--- Task description ---
The copy should begin at the line containing "T-shirt Surf In Paris - Cuisse de Grenouille" and end with the last line below, every line exact and no picture included.

--- Data extract ---
..........
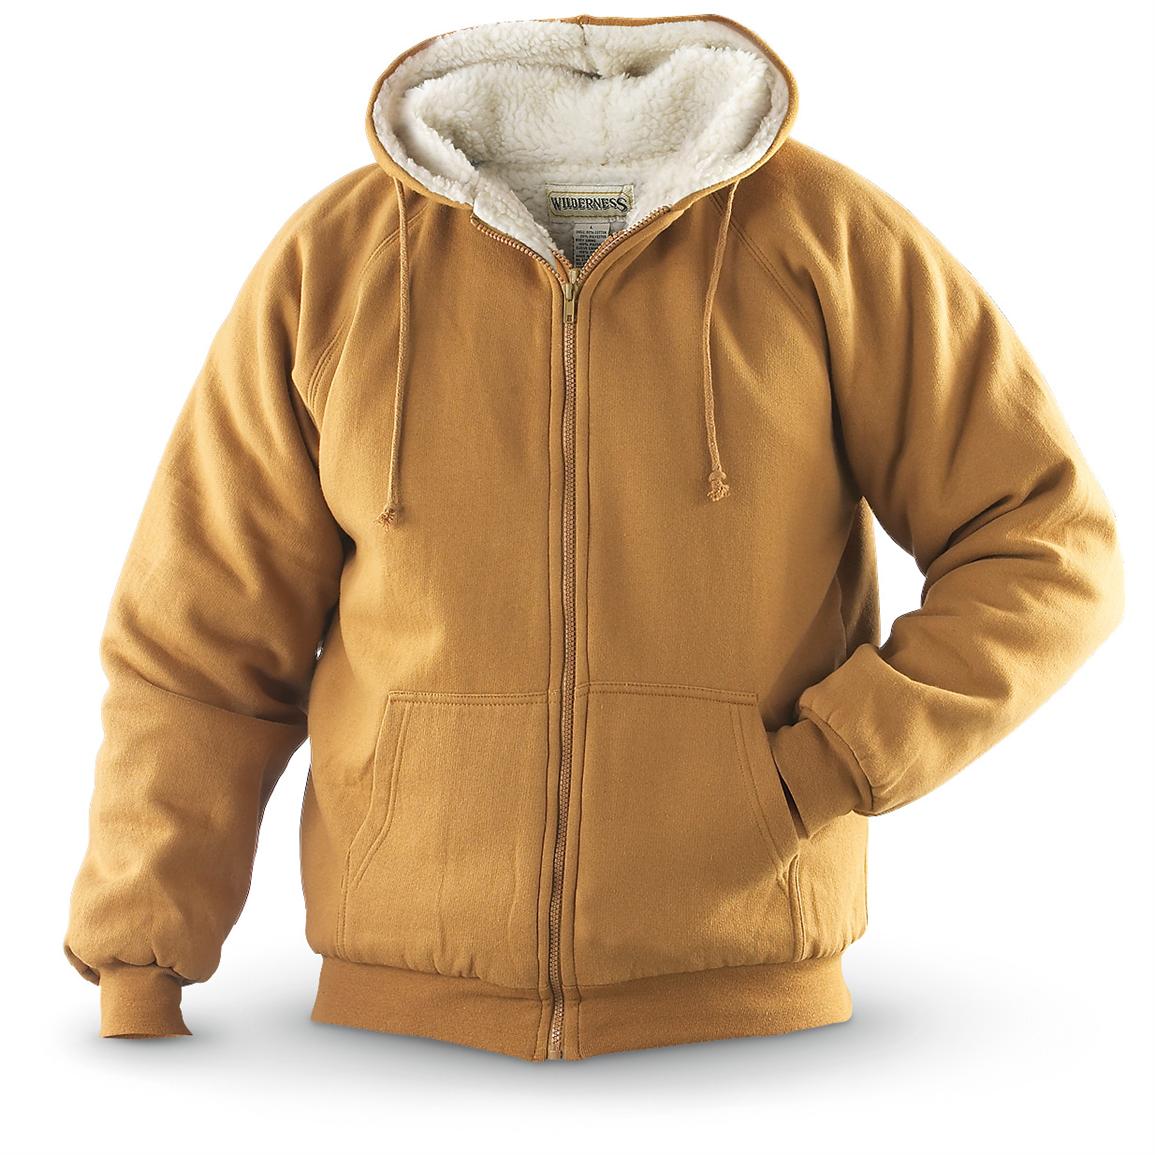 Wilderness Sherpa - lined Fleece Zip Hoodie - 155157, Sweatshirts ...
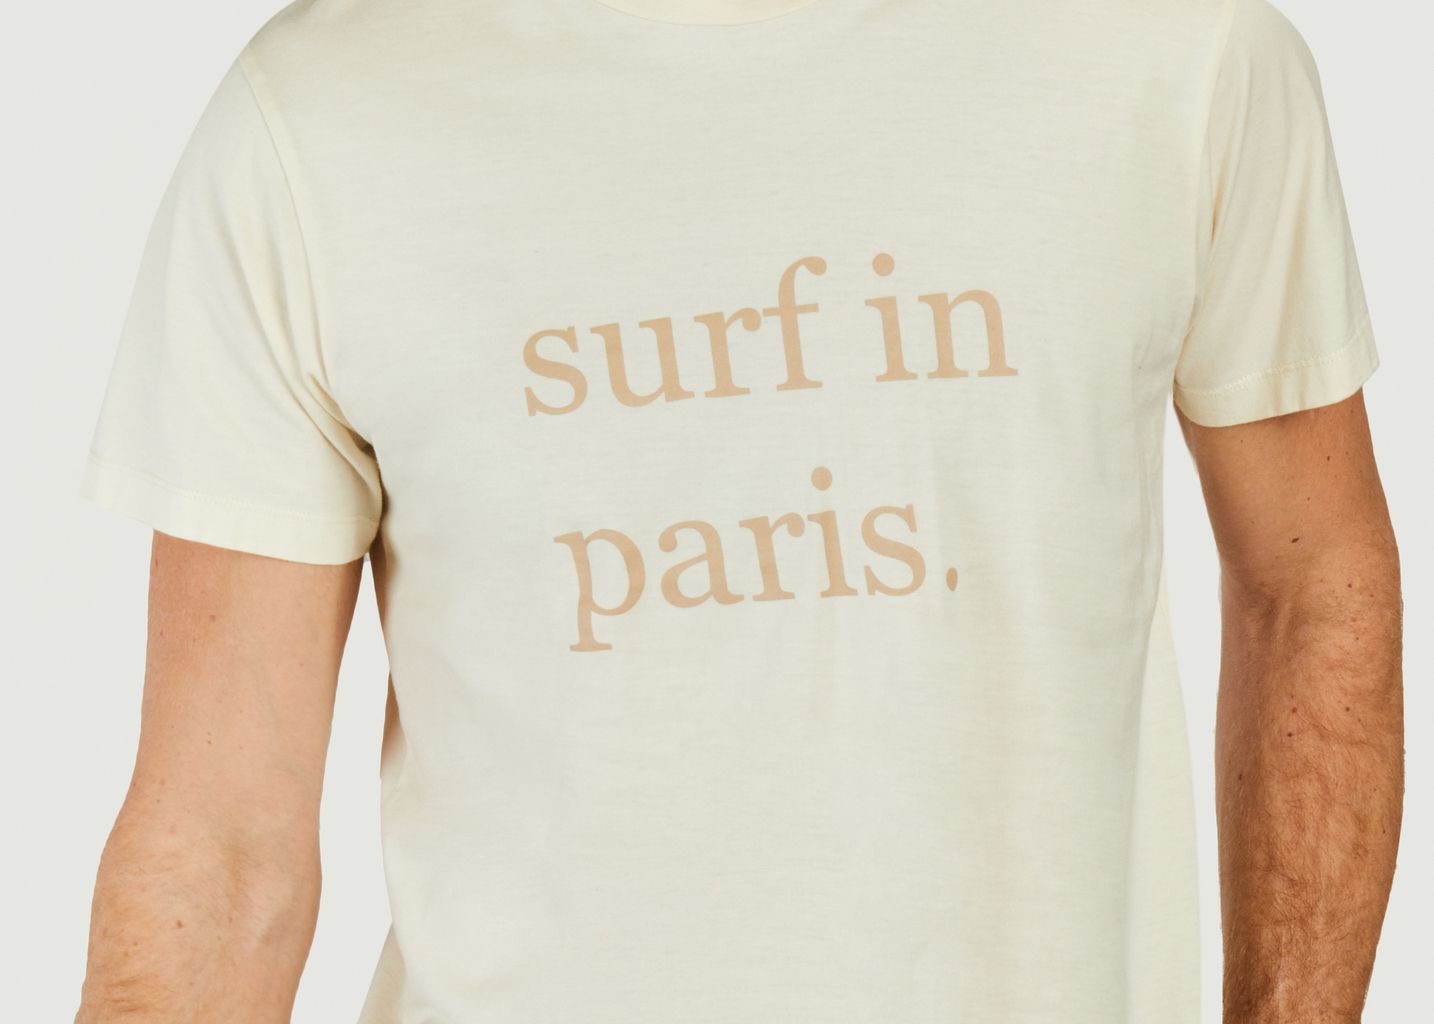 T-shirt Surf In Paris - Cuisse de Grenouille
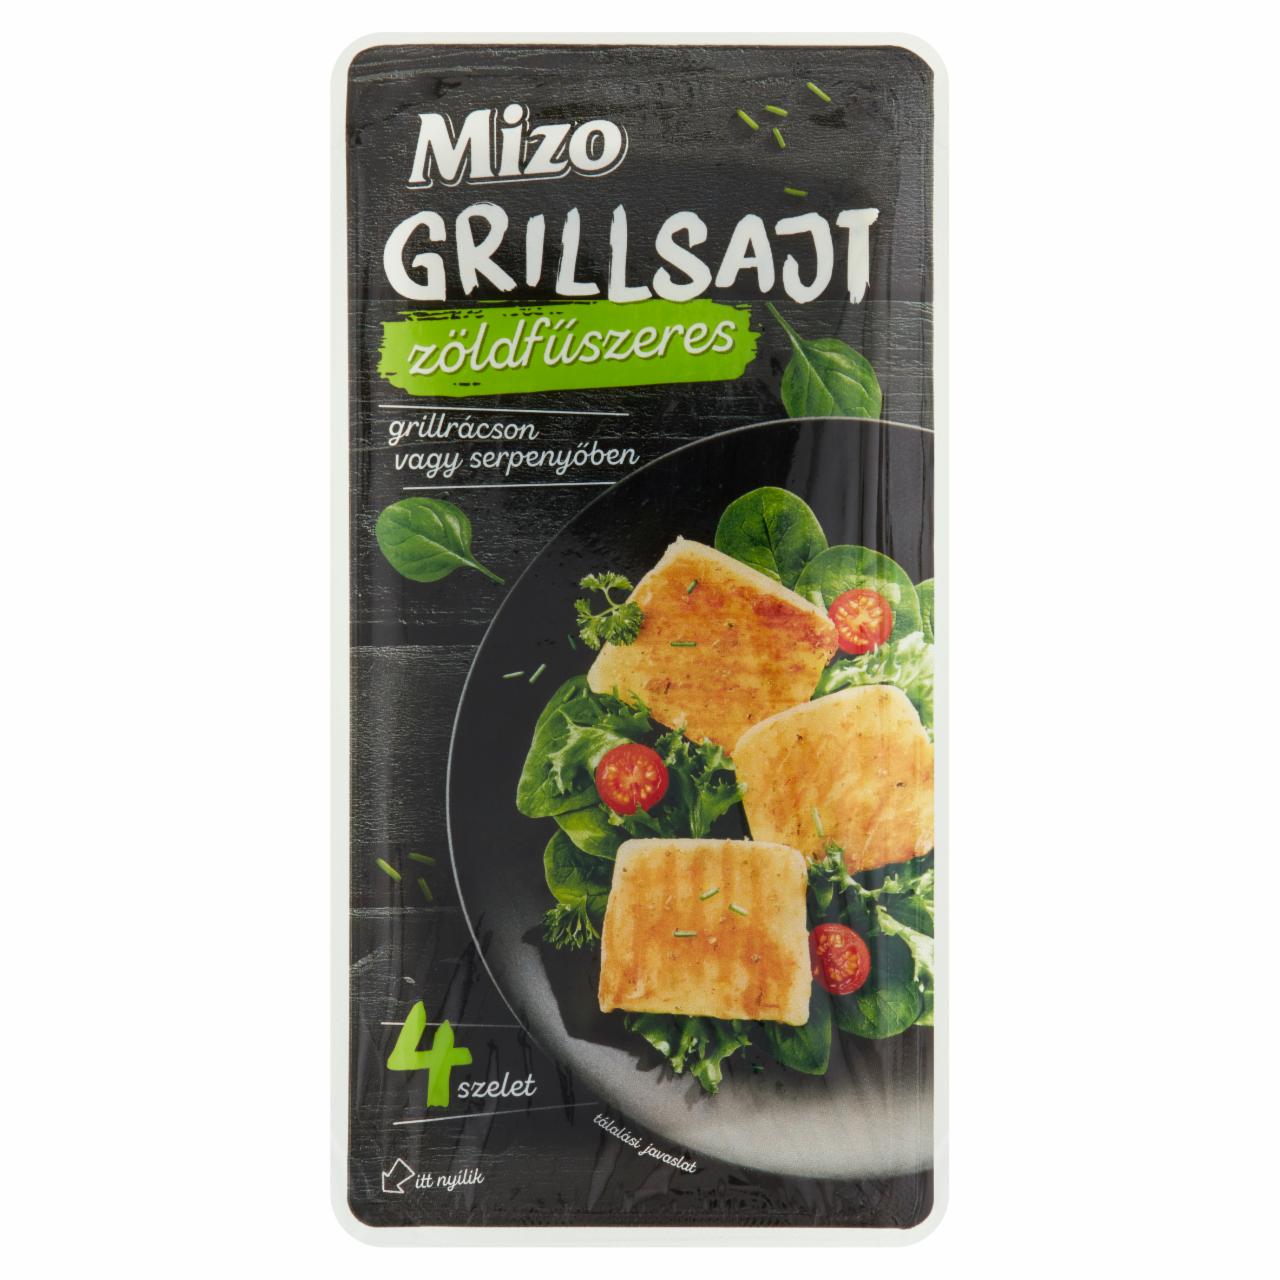 Képek - Mizo zöldfűszeres darabolt grillsajt 4 db 310 g
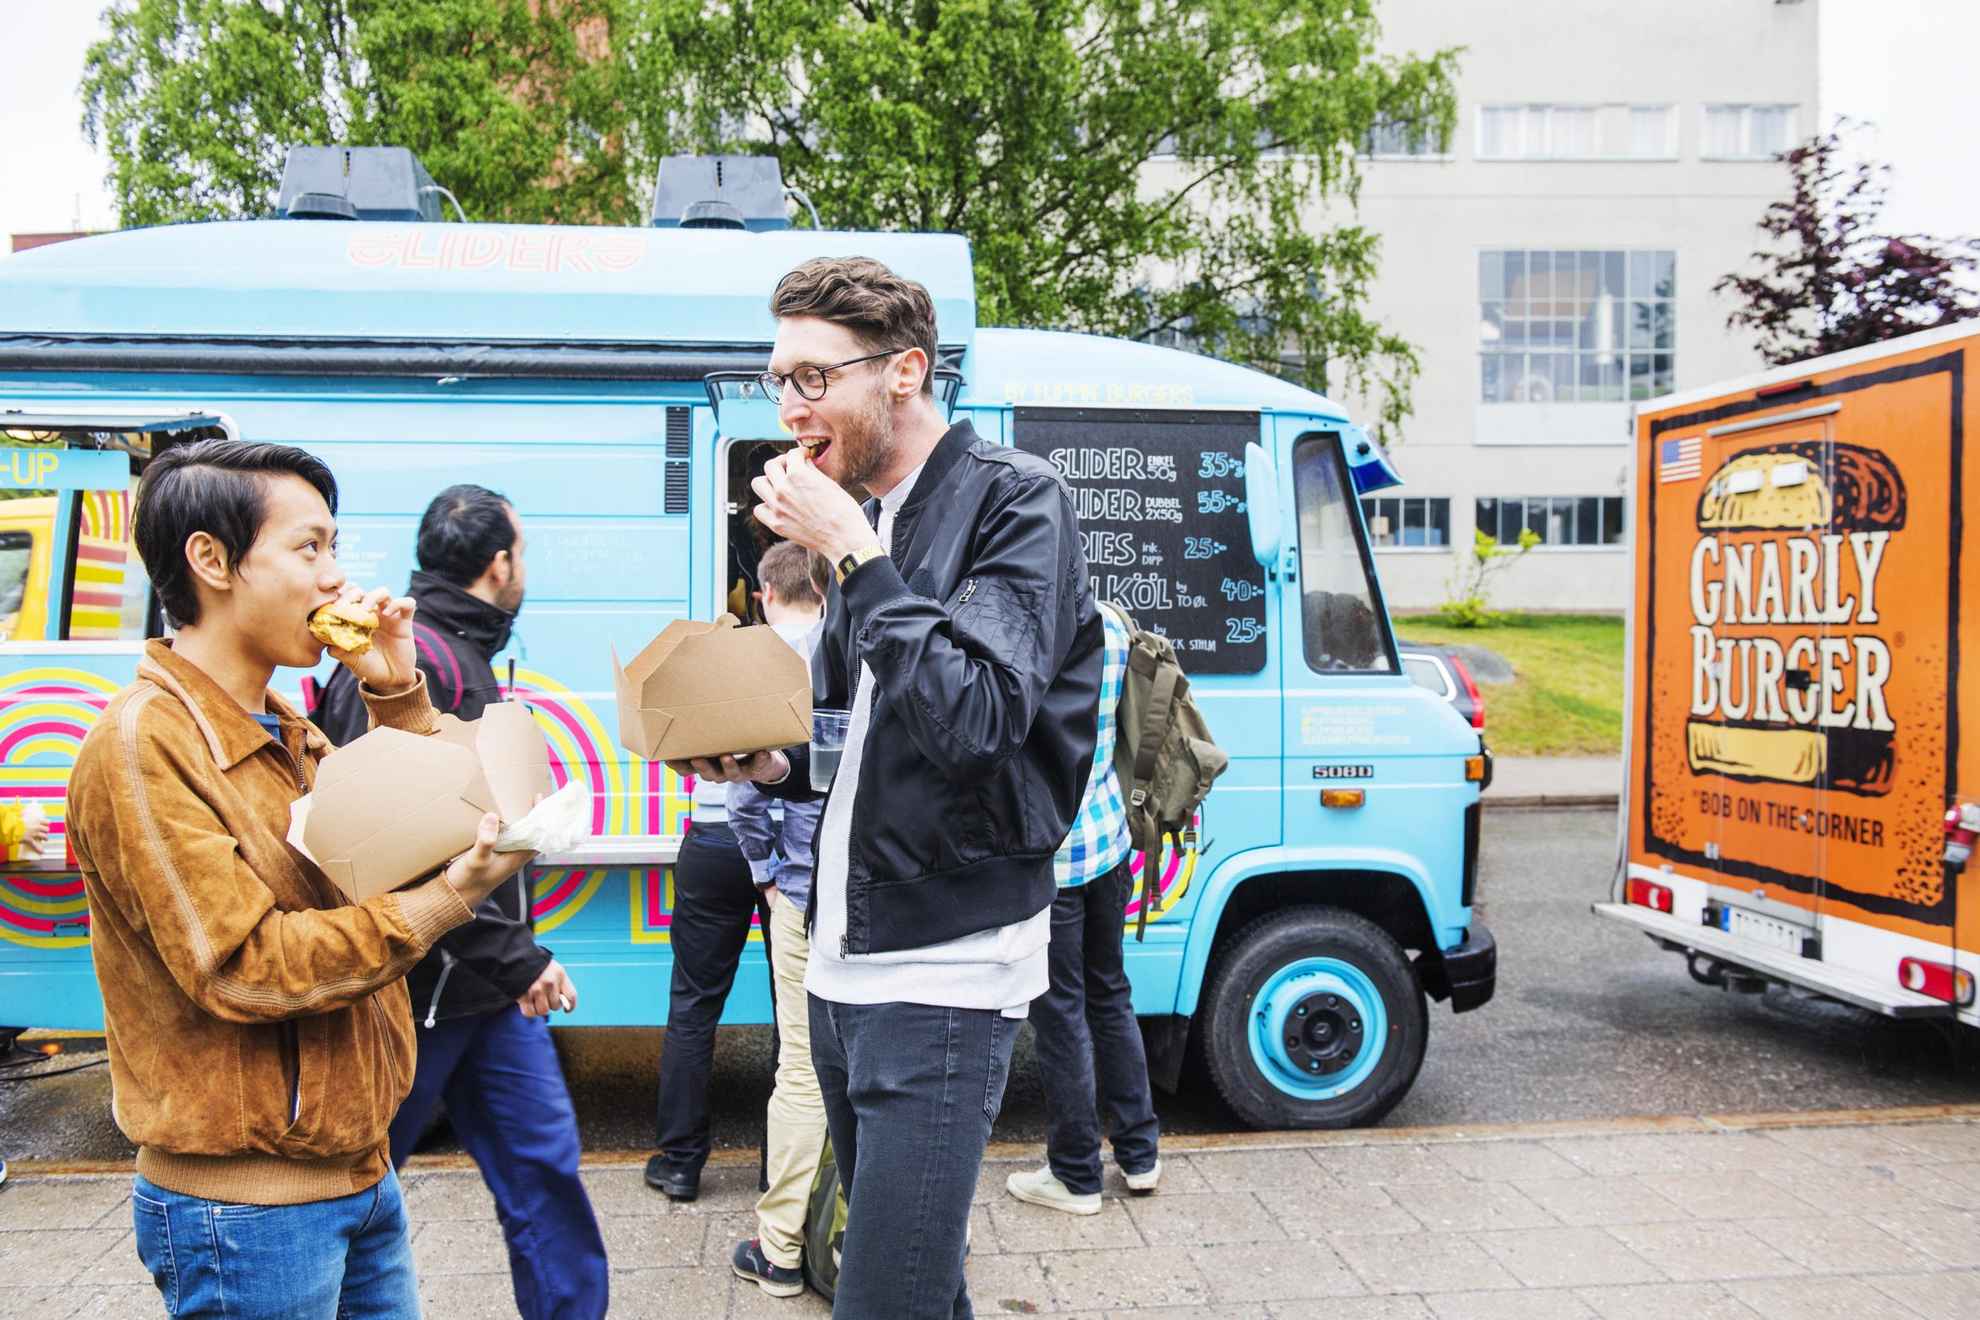 Des personnes mangent avec les mains de la nourriture dans de petites boîtes en carton à côté d'un food truck à Stockholm.
..........
--- Reply ---
 T-shirt Surf In Paris - Cuisse de Grenouille
 Képek - Mizo zöldfűszeres darabolt grillsajt 4 db 310 g
 Des personnes mangent avec les mains de la nourriture dans de petites boîtes en carton à côté d'un food truck à Stockholm.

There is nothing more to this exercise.